И. А. Бунин, горячий поклонник «Архиерея», не раз, разумеется, говоривший о нем с Чеховым, сообщал Б. К. Зайцеву: «В „Архиерее“ он слил черты одного таврического архиерея со своими собственными, а для матери взял Евгению Яковлевну» (Борис Зайцев. Чехов. Литературная биография, Нью-Йорк, 1954, стр. 257–258).
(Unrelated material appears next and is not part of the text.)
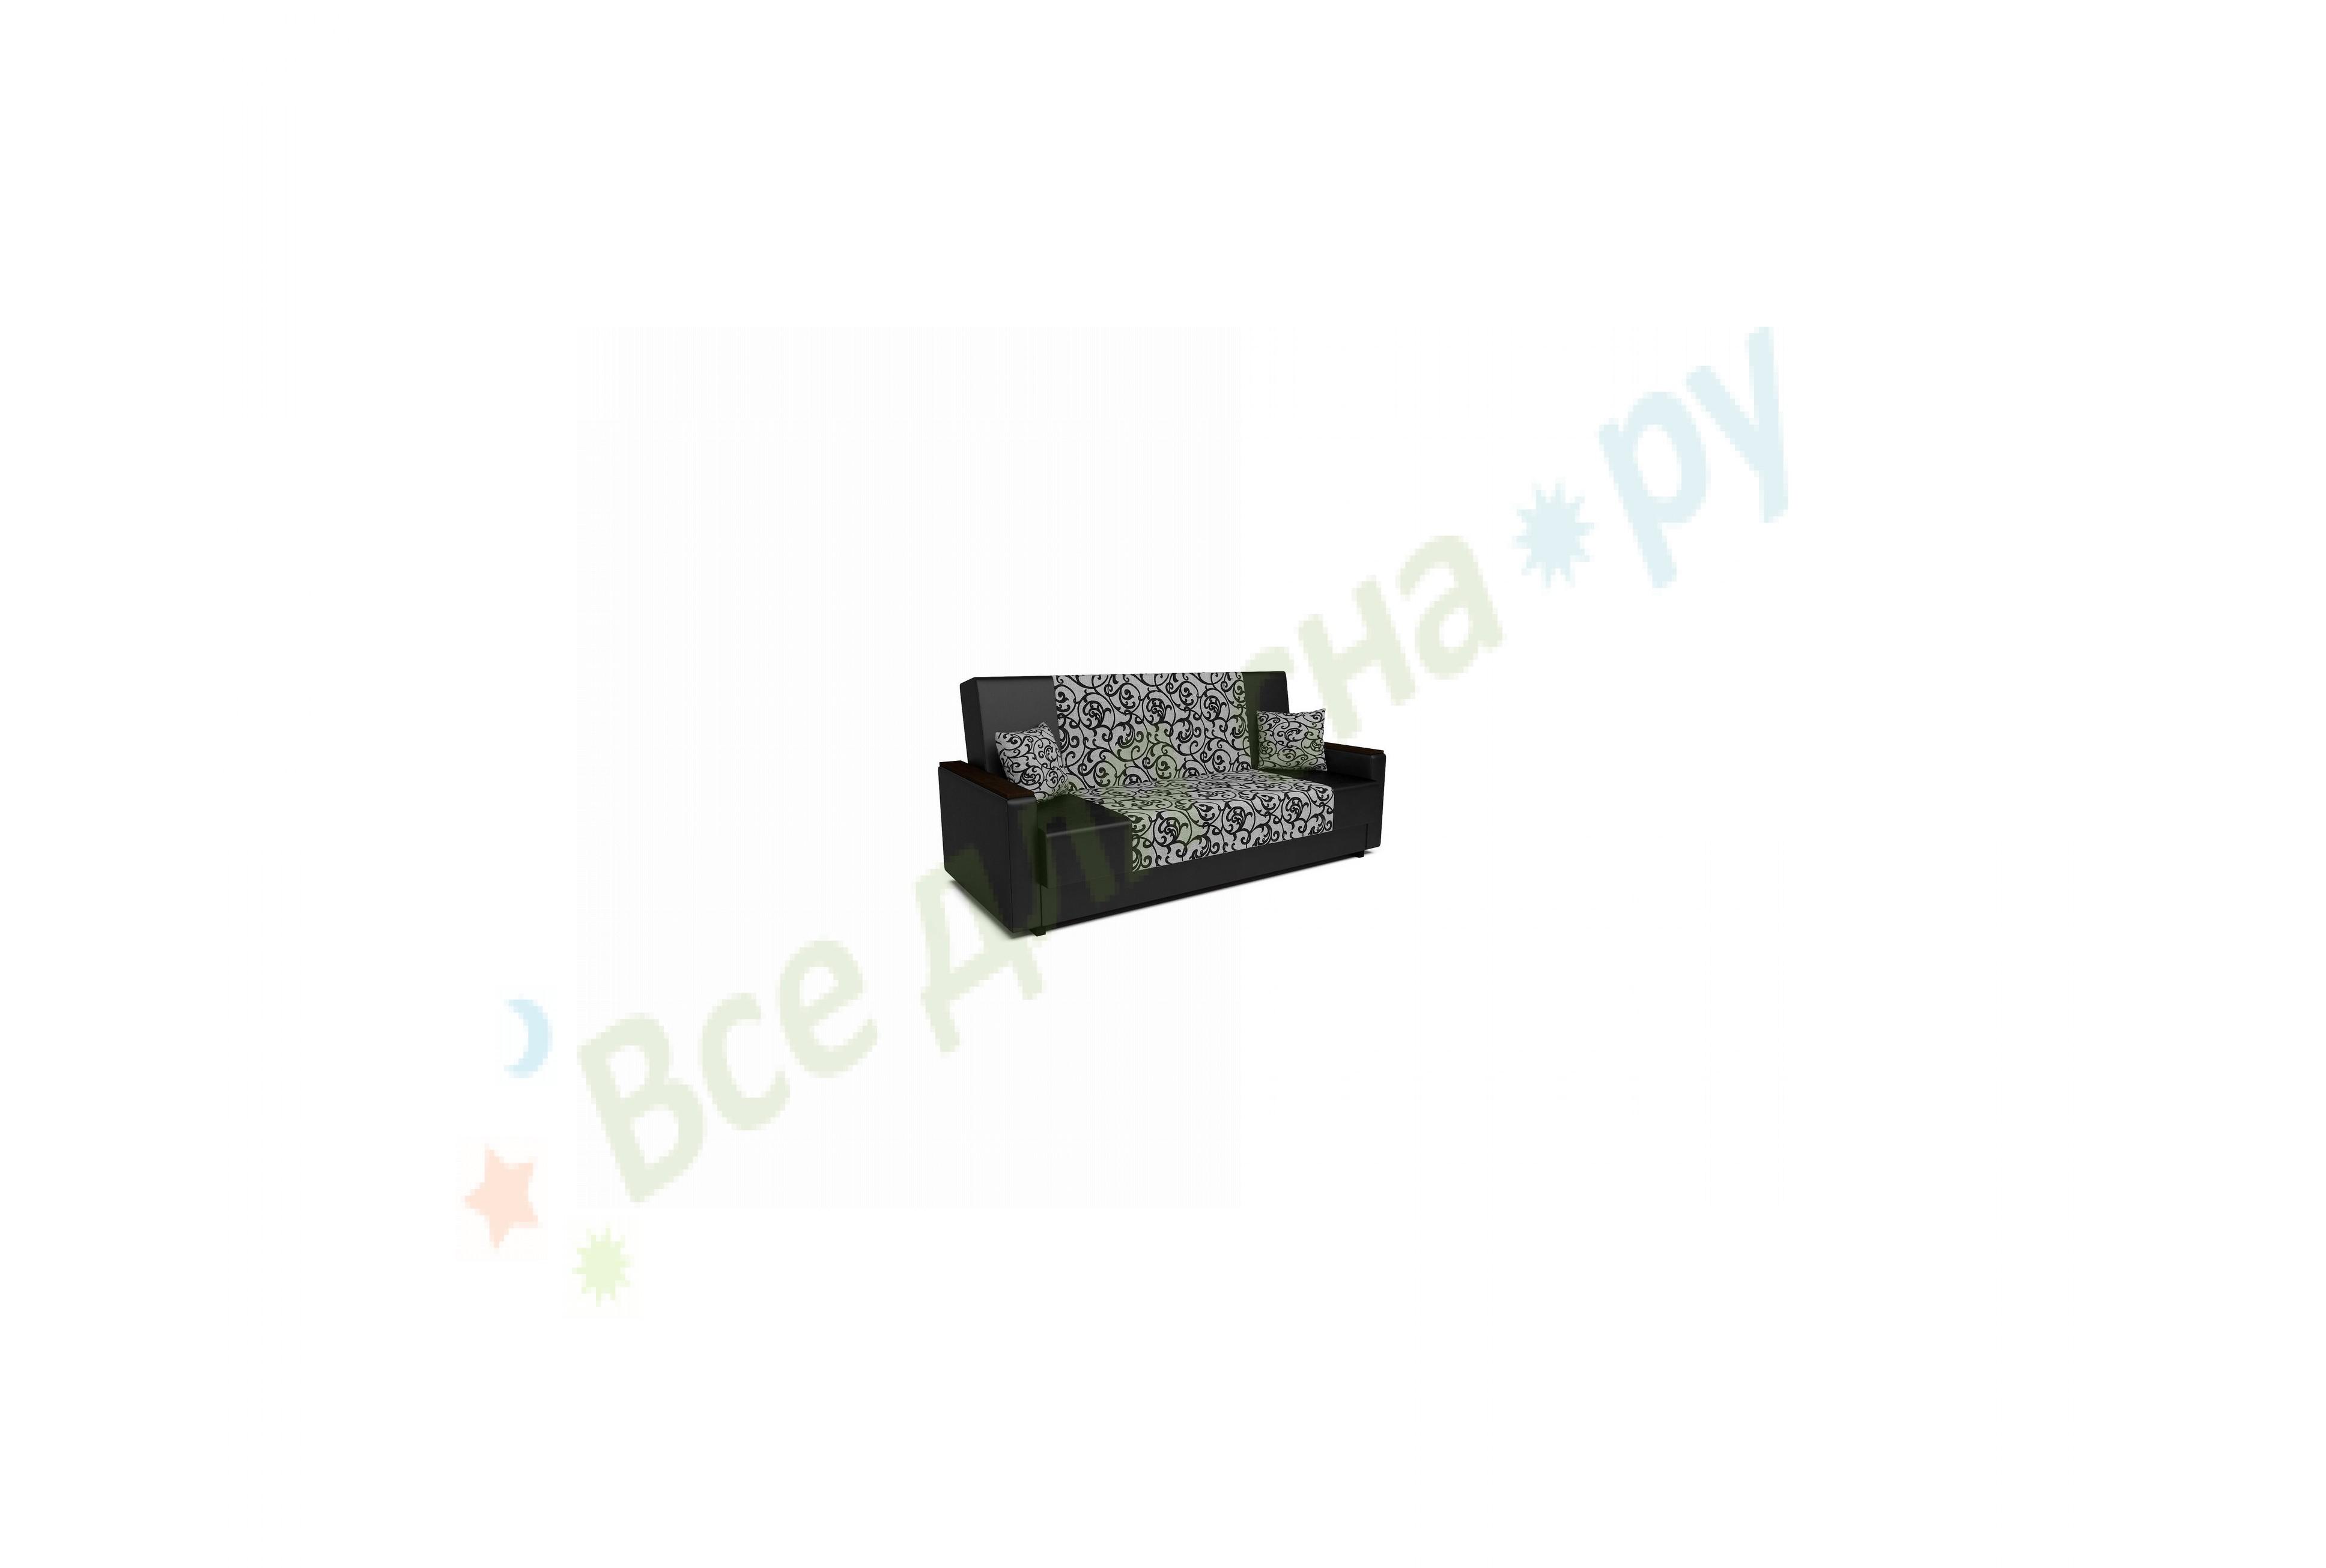 кресла-кровати без подлокотников аккордеон

Бунин имел в виду епископа таврического Михаила — известного в свое время церковного публициста М. Грибановского. Биография М. Грибановского, отчасти использованная Чеховым, не соответствует, однако, одной из определяющих черт образа Архиерея — «низкому» происхождению: сам он был сыном богатого настоятеля собора (биографический очерк о нем в кн.: Епископ Михаил <М. Грибановский>. Над Евангелием. Полтава, 1911). Еще один возможный источник подробностей и деталей в «Архиерее» — дневники и автобиографические записки епископа Порфирия (Успенского) «Книга бытия моего». Ч. 1–4. СПб., 1894–1896 (см. подробнее: В. Б. Катаев. О прототипе чеховского архиерея. — «Проблемы теории и истории литературы. Сборник статей, посвященных памяти профессора А. Н. Соколова». М., 1971).
Таким образом, моменты психологии Петра, связанные с архиерейским положением, были навеяны Чехову различными источниками. При этом образ архиерея у Чехова был во многом полемическим.
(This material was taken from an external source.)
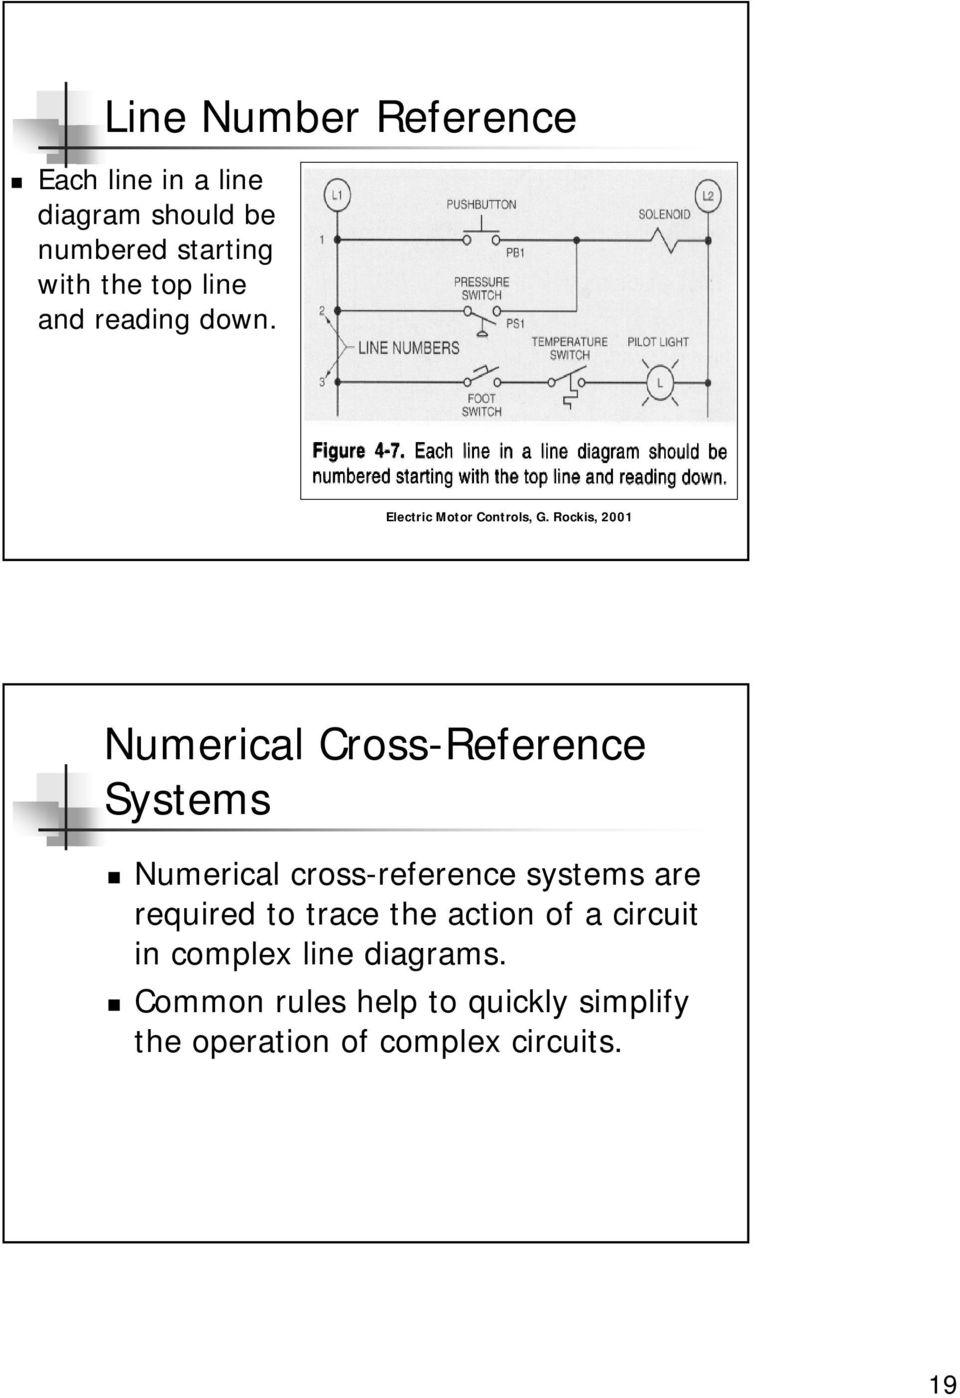 medium resolution of numerical cross reference systems numerical cross reference systems are required

Герой рассказа — архиерей, которому вся прошедшая деятельность и положение, достигнутое в результате ее, не дают окончательного удовлетворения и который сквозь этот «футляр» стремится прорваться к подлинному смыслу жизни. И епископ Сергий (С. А. Петров), и епископ Михаил, как их рисуют письма и мемуары, укладываются в тип людей, убежденных в разумности своей деятельности, в правильности регламента, который определяет их жизнь. Чехов же пишет о человеке, который неосознанно тяготится этой оболочкой, видит облегчение в избавлении от нее.
15
Рассказ был начат в 1899 г., когда, как Чехов писал позже, он «собирался умирать» (к О. Л. Книппер, 9 января 1903 г.).